Somalia: Looking For Volunteers To Invade


February 18, 2011: More nations are calling for going ashore in Somalia, as the Somali pirates simply use captured fishing ships (carrying or towing speedboats for attacks) to go deeper into the Indian Ocean to avoid the international anti-piracy patrol. The pirates are winning, and the shipping companies don't want the Indian Ocean turned into a pirate hunting ground. But none of the major nations, that have troops and the ability to put them ashore in Somalia, are willing to conduct such an operation. Yet. But meanwhile, more clan leaders are organizing pirate operations, and seizing ocean going fishing ships for use as mother ships that can seek victims as far as the coast of India, and beyond. The international anti-piracy patrol is responding by sending commandos to take back some ships (like large oil tankers). This is risky, but not taking risks is only making the piracy situation worse.

Some of the crews of captured fishing ships have admitted that they agreed to willingly help the pirates (by operating their ship) in return for promises of freedom after a certain number of days-at-sea or attacks. This is often the best deal a fishing ship crew can get, if the fishing ship belongs to a company that cannot afford any kind of ransom the pirates find worthwhile.

Indian Ocean nations are more likely to prosecute captured pirates, rather than just have their warships disarm and release them. Malaysia is prosecuting seven pirates, and the penalty for piracy in Malaysia is death by hanging. Shipping companies are becoming louder in their calls for raids on the ports that pirates use as bases. This puts hundreds of captive merchant sailors at risk. But without landing troops and capturing those bases, the piracy will only grow. The larger nations that could land and destroy the pirate bases continue to find the higher shipping costs (ransoms, guards, insurance, extra fuel to avoid pirates) preferable to a war against the pirates on land. The Western nations are advising Indian Ocean nations (especially India) to organize an invasion force themselves if they find that the only solution to the growing piracy problem. The Indians have long claimed to be the regional superpower, and the Western nations are advising them to take this opportunity to prove it. Western nations would provide support, and even supply some of the troops (commandos and other specialists). But India would have to step up and take the lead. India considers this unfair, as most of the shipping passing through the Indian Ocean is non-Indian. What might force the hand of India is Chinese willingness to get more aggressive against the pirates.

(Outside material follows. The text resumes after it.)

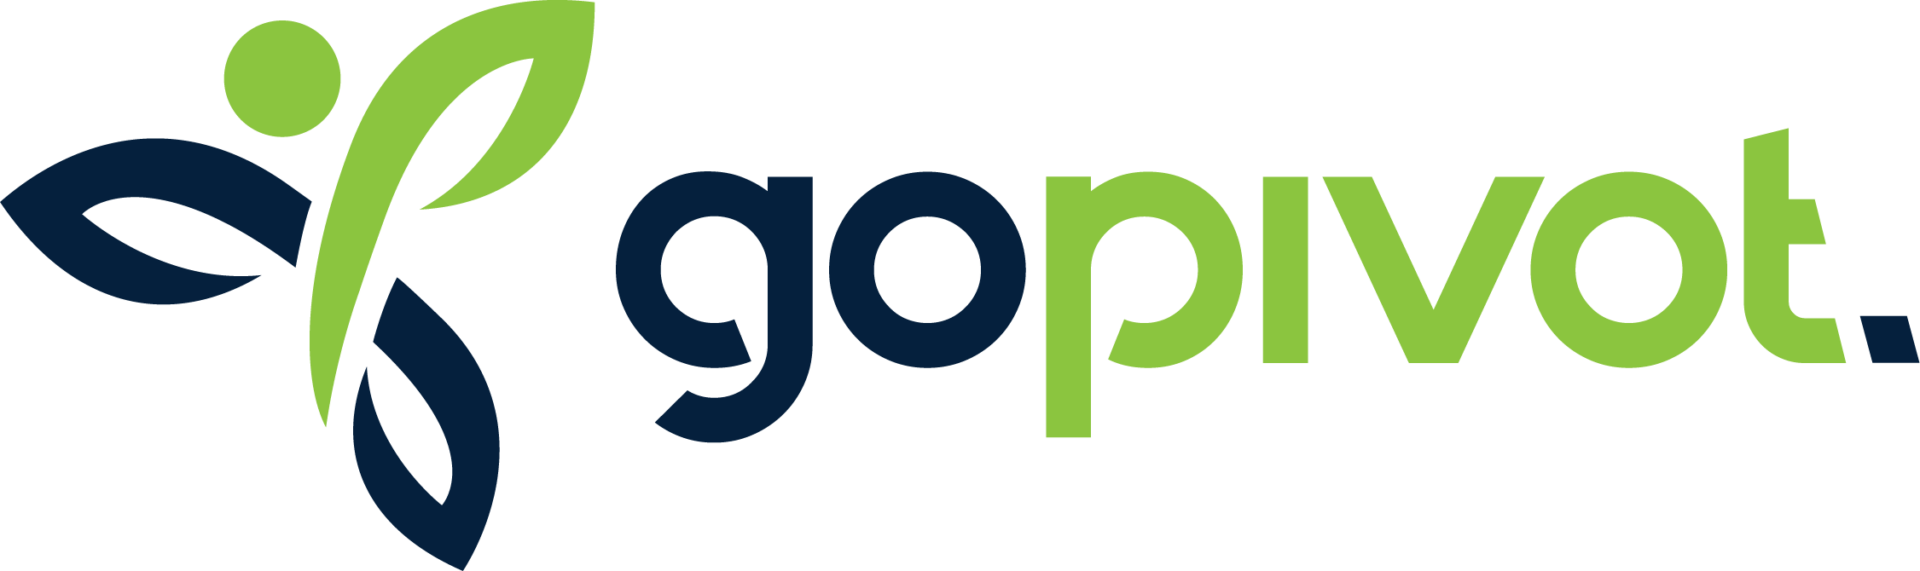 GoPivot Launches Pay-for-Performance Platform that Incentivizes Employee Behavior Change

Fighting in Mogadishu continues, sporadically, with the Islamic radicals sniping at peacekeepers and government troops while hiding among civilians, causing dozens of civilians to be killed or wounded by return fire each week. The months of failure in Mogadishu is causing morale and control problems in al Shabaab. The main problem is that al Shabaab is heavily influenced by several hundred foreign Islamic radicals. Most of these guys are basically gunmen, but dozens are leaders, and they demand better performance (and willingness to die) from Al Shabaab Somalis than the Somalis are willing to provide. There are a growing number of Somalis deserting al Shabaab, some of them coming over to the government. In response, the foreign Islamic radicals are imposing more discipline, via shooting, and even killing, Somali members who do not demonstrate sufficient enthusiasm.

In Somaliland, clan fighting is causing the national armed forces to suffer defections because of divided loyalties (several hundred national troops went back to their clan militia because of a clan feud.) This dispute, in eastern Somaliland, has caused thousands of villagers to flee their homes to avoid the gunfire.

February 17, 2011: Islamic radical group Hizbul Islam has seized several pirate leaders in the central Somalia port of Haradhere. This is the only pirate base outside Puntland, and the Islamic radicals have allowed the pirates to keep operating in return for a share of ransoms taken. The current dispute is over how much of a cut the Islamic radicals are supposed to get.

February 15, 2011: In Mogadishu, TNG (Transitional National Government) troops opened fire on a peace rally, killing four people. The TNG are poorly disciplined, and prone to open fire on civilians suspected of being hostile.

February 13, 2011: A Danish warship seized a pirate mother ship, and freed the civilian crew who were forced to operate the ship for the pirates. These mother ships are high value targets for the counter-piracy patrol, and are usually detected by the presence of two or more speedboats and the lack of fishing activity, or too many people on board (pirates in addition to the crew).

February 12, 2011: A British warship seized a Yemeni fishing boat that had been captured by pirates for use as a mother ship. The 17 pirates were disarmed, but the British frigate captain was ordered to take the pirates back to Somalia and put them on the beach, because British prosecutors felt there was not a strong enough case to put the pirates on trial.